- **WHAT YOU ARE ASKED TO DO**
Among the records below, find the line with "Top 10 Umpires in International Cricket" and the line with "Sodomici - Ebook". Set down both and every line between, exactly and with no pictures, but nothing else.

- **EXTRACTED ENTRIES**
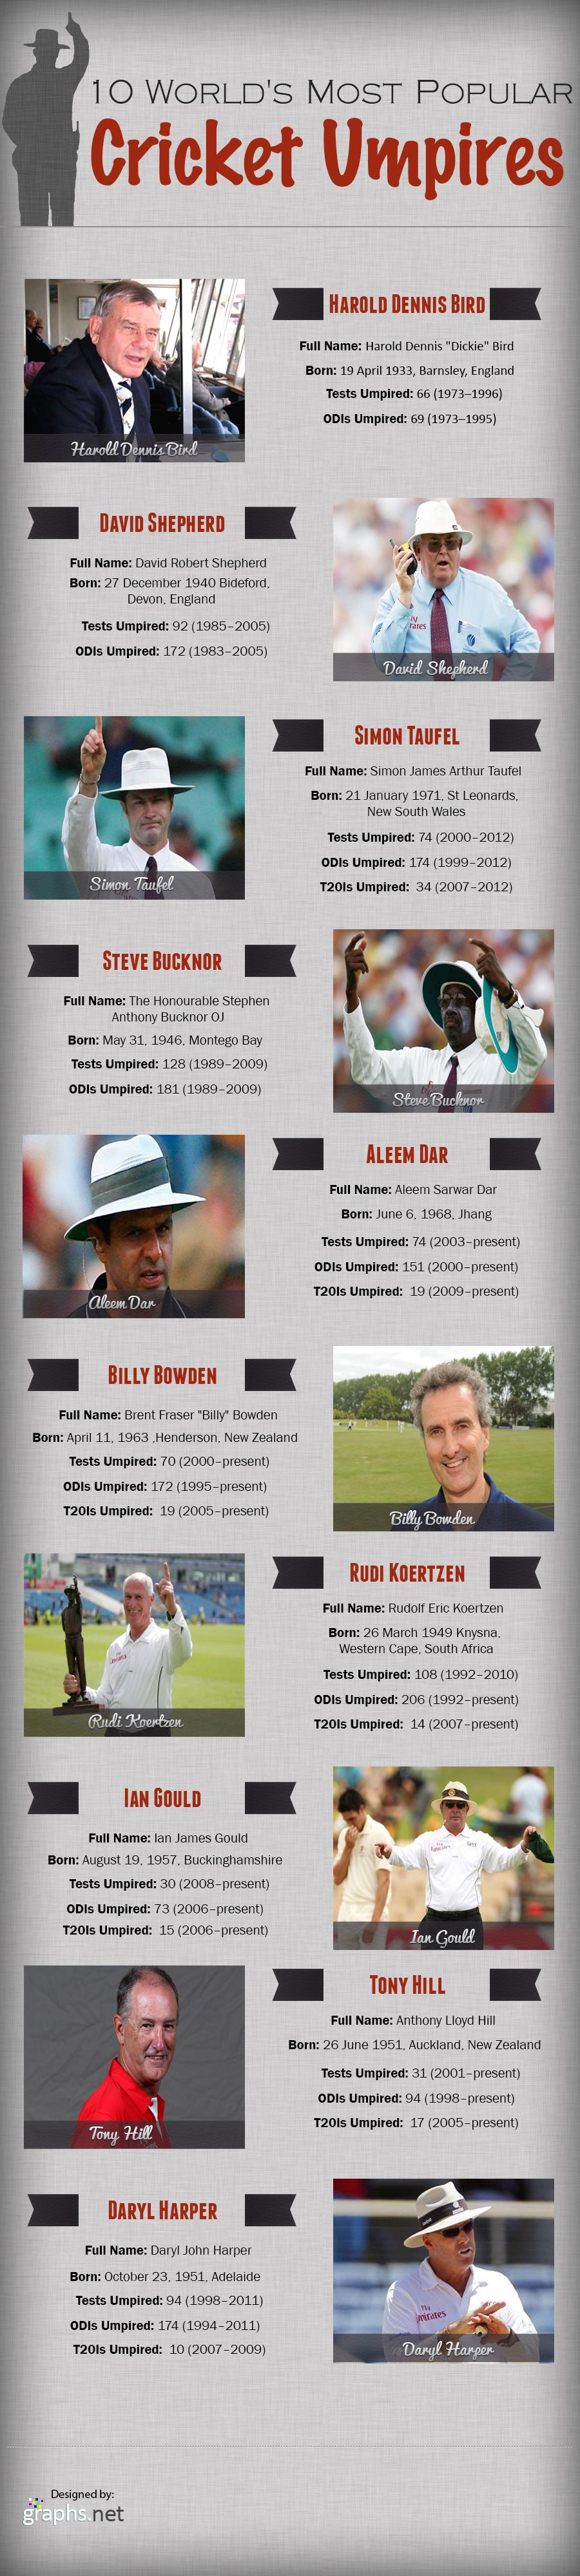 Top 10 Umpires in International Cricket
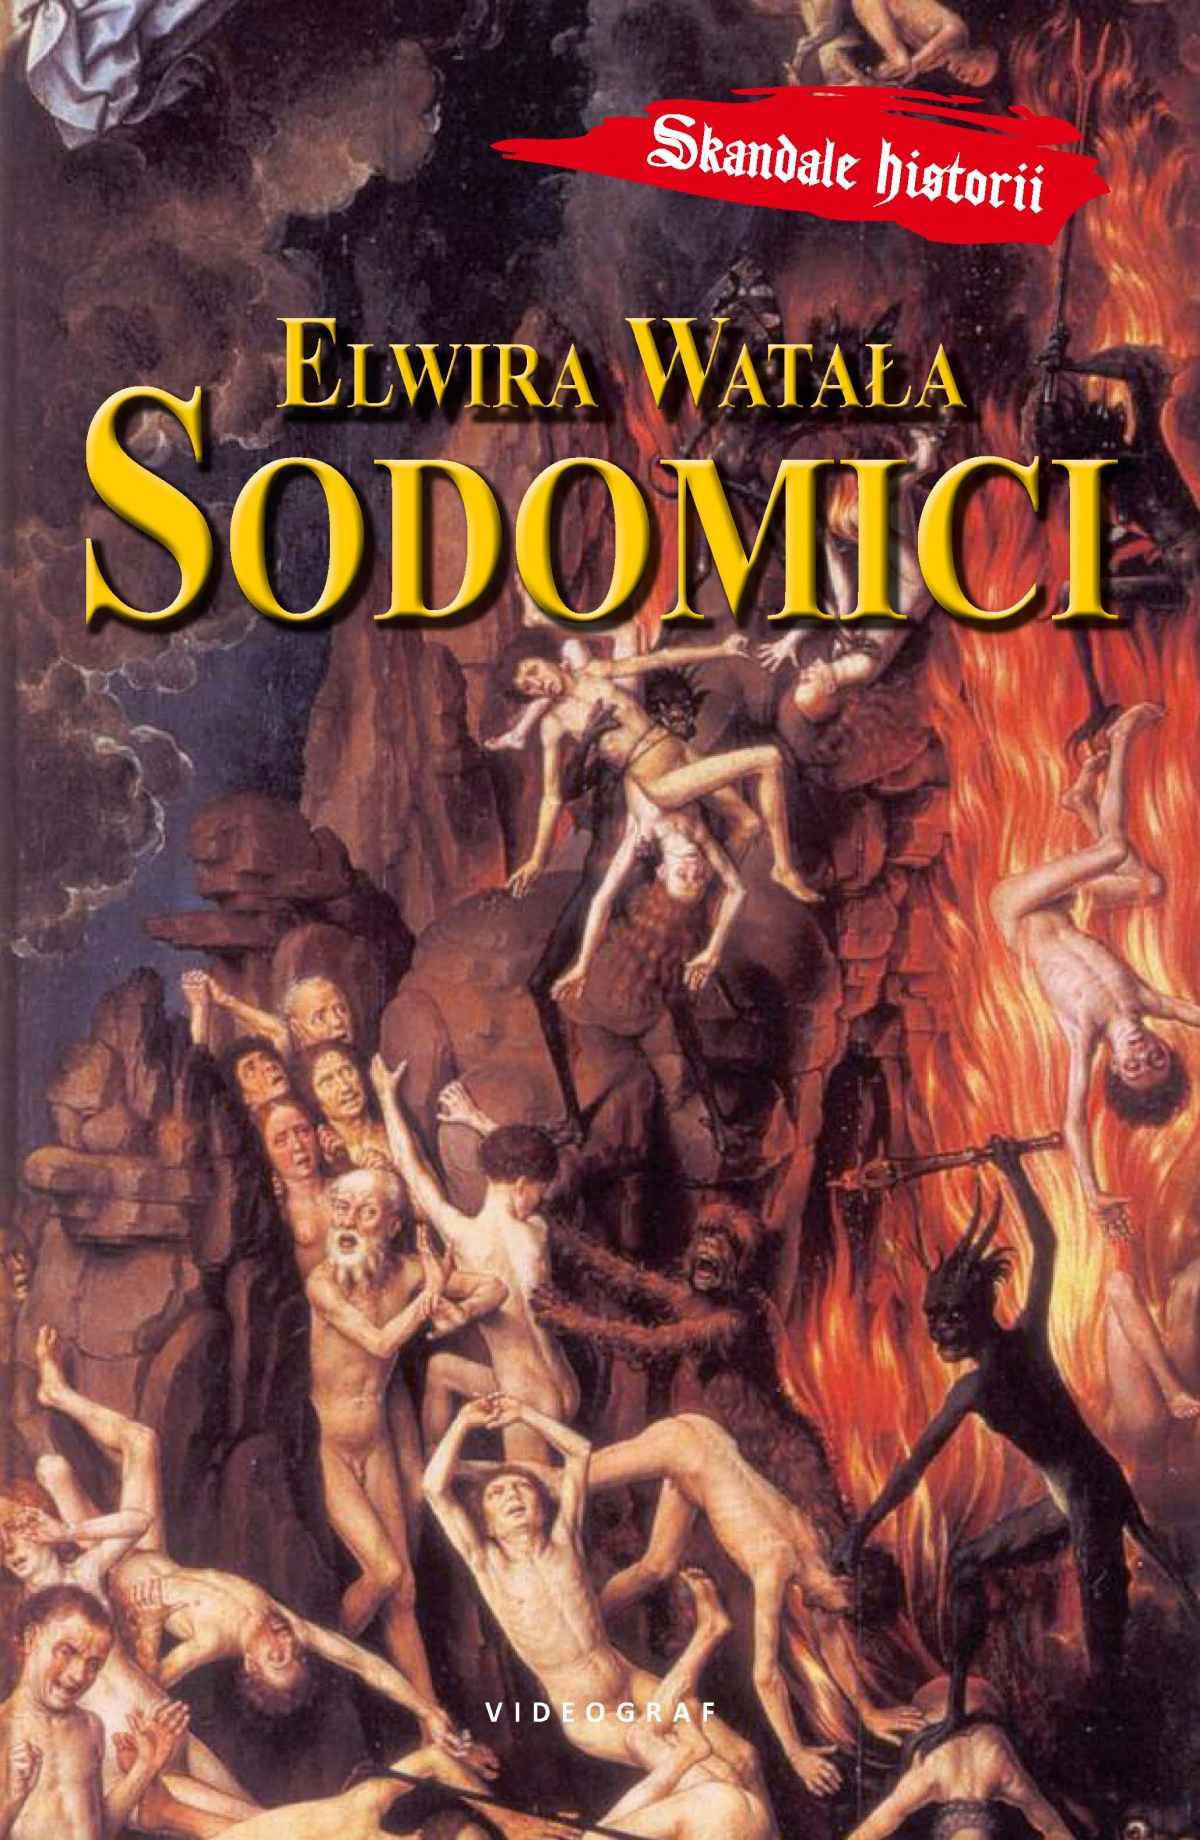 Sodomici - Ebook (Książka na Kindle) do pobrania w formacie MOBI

---

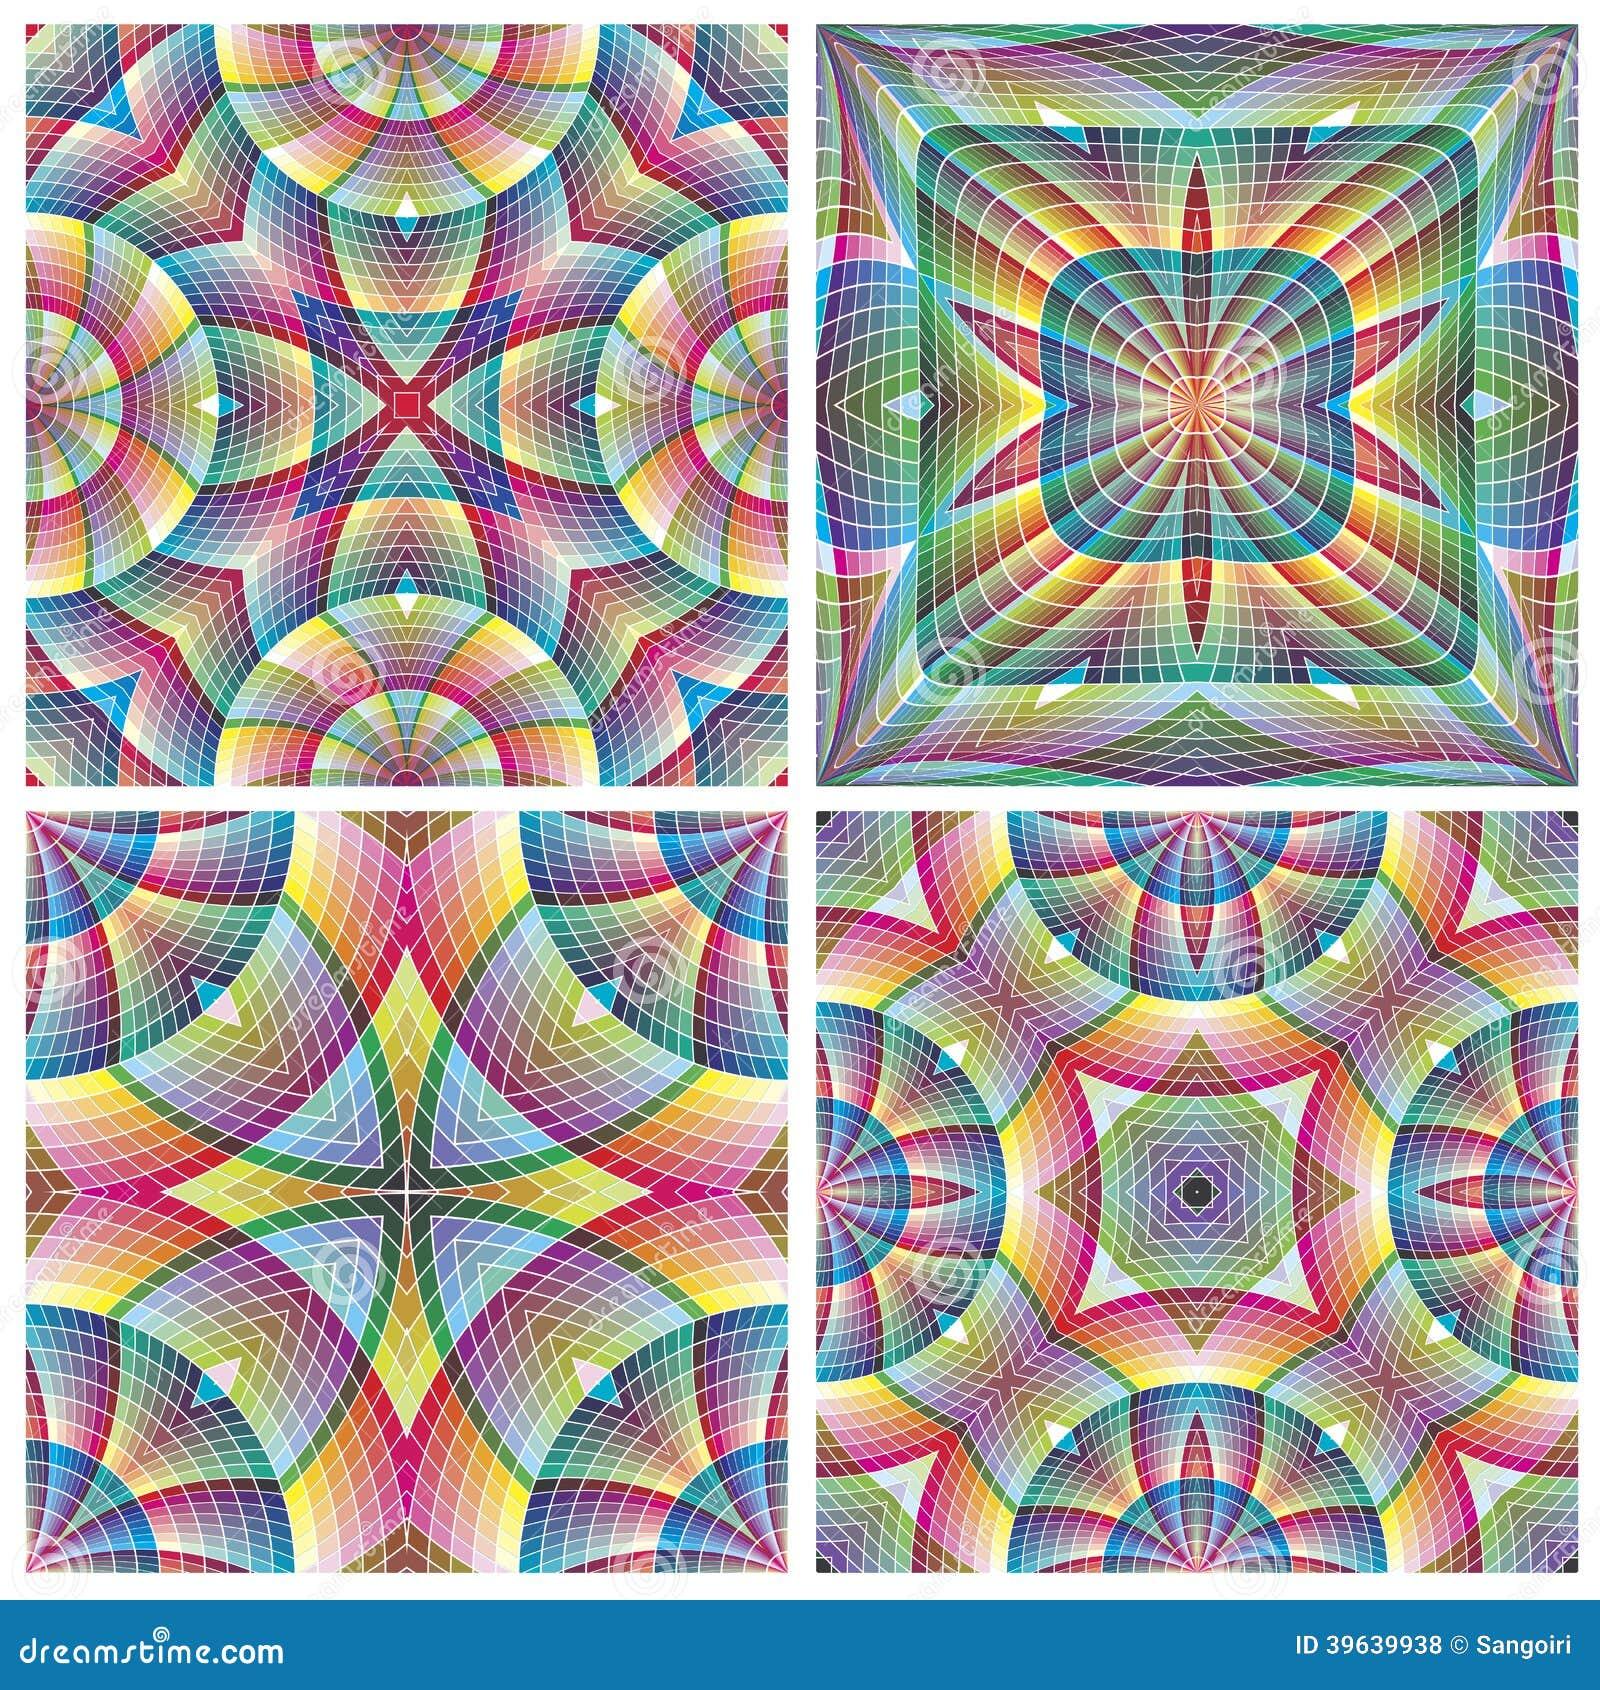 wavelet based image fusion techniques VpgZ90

- **WRITTEN ANSWER**
 Top 10 Umpires in International Cricket
 Sodomici - Ebook (Książka na Kindle) do pobrania w formacie MOBI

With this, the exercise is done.